Building in Il-Qawra, San Pawl il-Baħar

AX Odycy, formerly the Seashells Resort at Suncrest is a resort in the area of Qawra, in Saint Paul's Bay, Malta built in 1987 as the Suncrest Hotel by Angelo Xuereb, owner of AX Holdings. As of 2009, Joseph Vella has been acting as a general manager.

==Ownership and Management==
The resort has been owned and managed by AX Hotels, a subsidiary of AX Holdings, since 1987.

The Suncrest Hotel, as it was originally known, was managed by Sol Melia. The hotel was also known as Sol Suncrest.

In 2004, Sol Melia and AX Holdings mutually terminated their agreement.

In 2009, the hotel changed its name to Seashells Resort at Suncrest, and in then 2023, to AX Odycy.

==Renovations==
The hotel's main restaurant, the Coral Cove, was fully remodeled in 2014 at a cost of over €500,000, including a new kitchen.
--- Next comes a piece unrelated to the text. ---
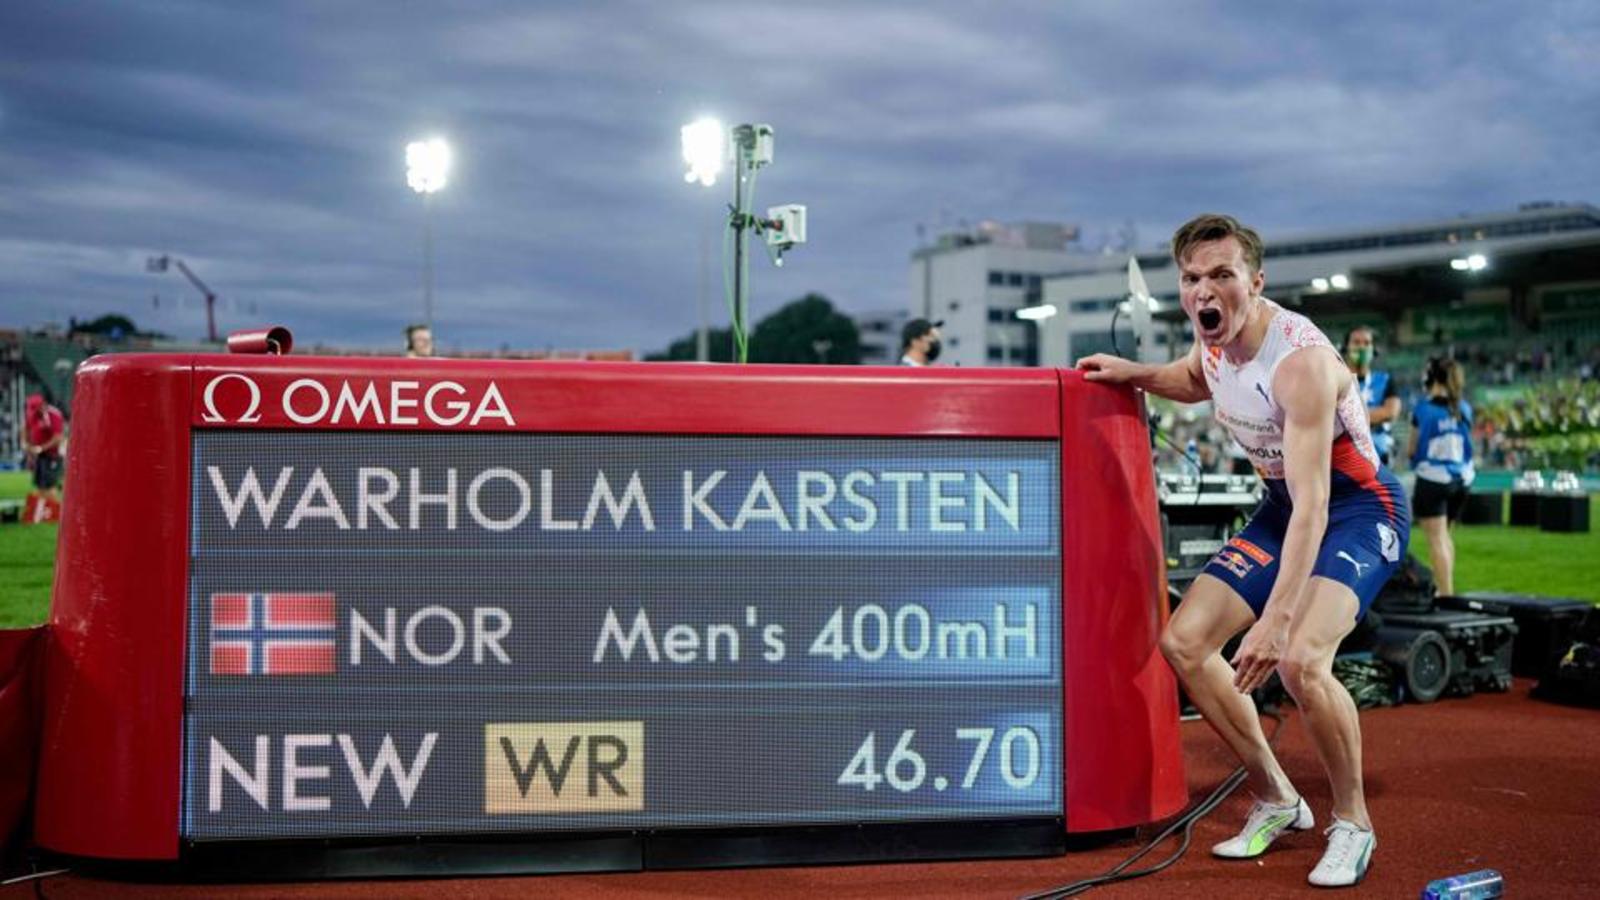 Норвегия легкая атлетика. Карстен Вархольм рекорд. Карстен Вархольм норвежский легкоатлет. Норвежский легкоатлет на 400 метров. Норвежец побил мировой рекорд в беге.

It was later renamed to the Deck & Keel restaurant.

In 2015, a major renovation of all hotel rooms was undertaken at a cost of over €7 million. At the same time, the Cheeky Monkey Gastropub was opened and the Luzzu complex was annexed.

==Accommodation==
The hotel has 452 rooms. The hotel also retains timeshare units.

==Dining==
There are several restaurants attached or associated with the resort:
- The main buffet restaurant, the Deck & Keel, serves breakfast, lunch, and dinner in buffet style.
- The Cheeky Monkey Gastropub serves as a happy hour bar complemented with a pub grub menu.
- An Italian restaurant, Trattoria Riccardo and Italian/Mediterranean fusion at Luzzu.
- A fine-dining Mediterranean cuisine restaurant, Minoa, located on the hotel's top floor.

==Leisure==
The resort has two pool areas, one for families, one for adults only, and a wellness spa.

==Conference==
The hotel also houses a small conference center.